II. Athens & Thessaloniki
by Marina Fokidis
This is an excerpt from Even no. 2, published in fall 2015.
Devoid of humans, the city looks like a ghost of itself. The camera in Marina Gioti’s film As to Posterity (2014), seen earlier this year at the Thessaloniki Biennale, travels through the streets of Athens during different seasons and different times of the day—three years’ worth of travel, at the peak of the economic crisis. We pass through empty streets and parks, cinemas and shops, urban voids. The only apparent sound is that of the natural environment. Birds are still singing, but their song gives little hint of what has happened to the city’s other, human inhabitants.
Is this the near future, or an allegory for the present? An end or a beginning? The landscape Gioti presents in As to Posterity is more oneiric than real — despite the fact that it is neither staged nor digitally manipulated. The despair and solitude evoked by the urban desert coexist with a sense of a wishful utopia, as if this is the Athens that might appear when the place is free of its main destroyers: we humans ourselves. Without losing its hard edge, formed as it is of images from the symbolically and literally ruined Greek capital, the film seems like an ode to an impossible place. That is already here.
“Anyone who lived through the days of December 2008 in Athens knows what the word ‘insurrection’ signifies in a western metropolis,” write the members of the anonymous French collective The Invisible Committee in their new book To Our Friends. Even the Christmas tree standing in Syntagma Square was set ablaze. Seven years later, we can see just where that insurrection got us. “What the Greek case shows us,” The Invisible Committee concludes, “is that without a concrete idea of what a victory would be, we can’t help but be defeated. Insurrectionary determination is not enough; our confusion is still too thick. Hopefully, studying our defeats will serve at least to dissipate it somewhat.”

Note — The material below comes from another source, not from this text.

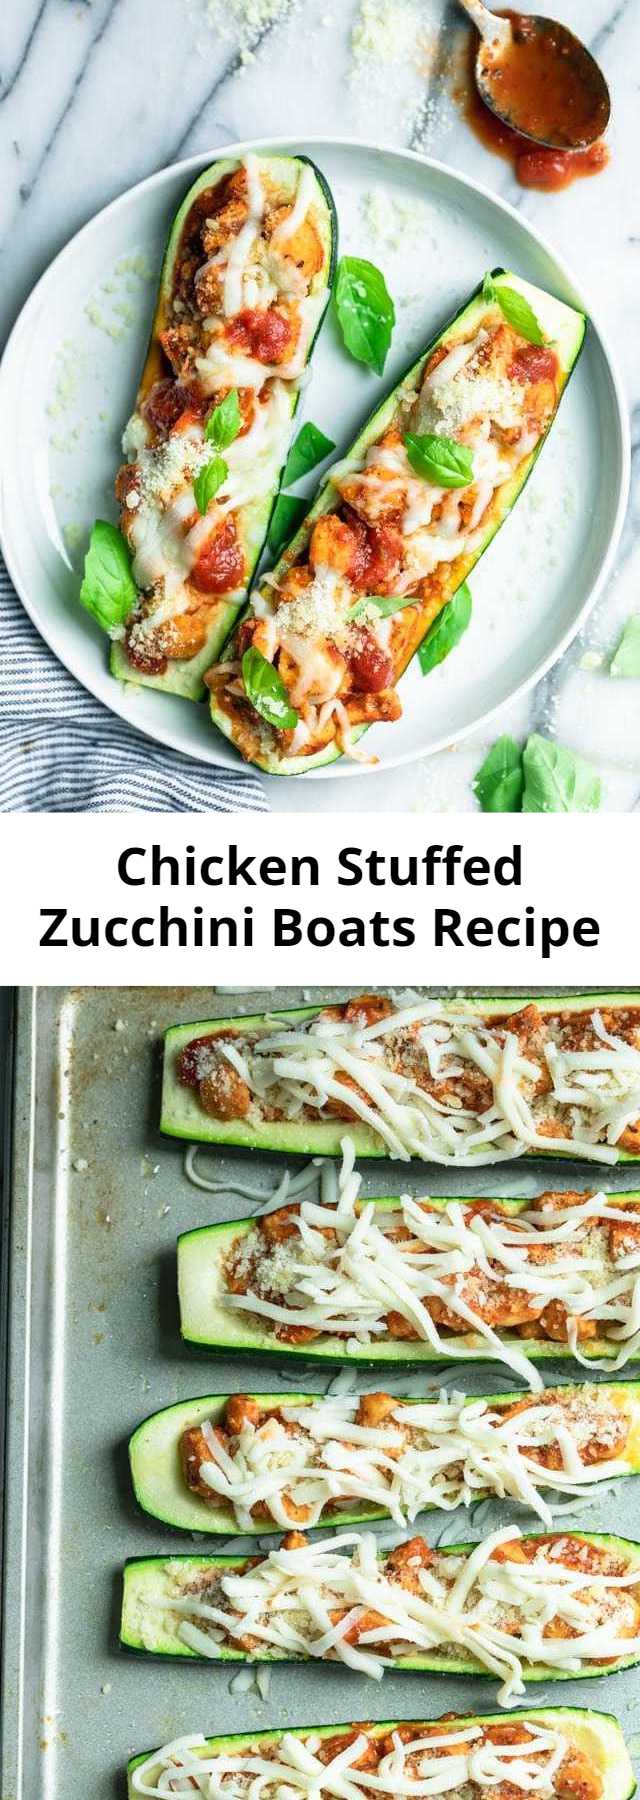 Chicken Stuffed Zucchini Boats Recipe - These Stuffed zucchini boats are easy, Keto friendly and low carb. Stuffed with chicken, marinara and topped with cheese, they make a quick and easy meal. #whole30 #keto #lowcarb #dinner #healthy

Unemployment, pay cuts, constant demonstrations, instability, fascism, injustice, corruption, lack of resources, a newly radicalized class of people just sacked, frustration, mandatory migration, displacement, uncertainty, lack of welfare, loss of hope, elections, re-elections, power manipulation, fatigue, exhaustion, paralysis, capital controls…. The everyday here in Greece is like a leaky vessel. And while the water level is dropping, ideas on how to survive in the postcapitalist desert do not come easy. The situation is ruthless, and there are no easy solutions. All possible outcomes entail a degree of discomfort or a price to be paid. The Greek crisis confronts us as a harsh reality that is here to stay: a difficult episode of an unknown duration, which we all have to learn to survive as best as possible.
The defiance and anger do not limit themselves to national borders. It spreads beyond Greece, beyond nations, beyond territorial and economical communities. Europe seems to be in the process of turning itself into a museum, just as an immense flux of refugees arrives, many of them coming ashore first in Greece before continuing to Western Europe. The continent’s prevailing political and economic system, and the doctrines that undergirded them, no longer function — and yet at the same time no promising alternative solutions seem forthcoming. Time seems limited, the need for a collective introspection urgent. The word crisis has become an easy tag for everything: it vitiates the need for serious thinking, and that is nothing less than immoral. So our greatest responsibility during these times is to think with the deepest precision — to think of causes and possibilities, to analyze facts, to open up a constructive environment for knowledge, even amidst the difficult context produced by the real restrictions imposed upon us.
The art scene in Greece has gained greater international attention over the last several years. “Holiday in someone else’s misery” was a slogan that the artist Phil Collins was circulating on T-shirts in a similar situation, during the first Tirana Biennial in Albania in 2001, and that might be the case here also. But only partially. Greek artists and art professionals have been sensitized by the fragile situation around them, and they urgently need to communicate with the rest of the world. More than that, art has offered a way to endure the harshness of everyday life over the last years while not losing our dignity. In a country whose citizens oscillate between despair, lack of resources, uncertainty, turbulence, anomie, disbelief, corruption, and chaos, adopting an imaginative distance from daily events can sometimes be more effective than any gestural form of destruction. Art in Greece today no longer aims to offer an imitation or critique of reality, but much more a means of departure — from the everyday toward the realm of the imaginary. Seven years ago we were hurled violently away from our prior certainties, and we still live at a “point zero” from which we can find no escape. How then can we formulate a new perception of our lives and actions: a new ontology? Art, I hope, can serve as one of the terrains to reflect on our will and our strategy to fight for a more inclusive present, and a somehow livable future. If one can still count on the future, that is.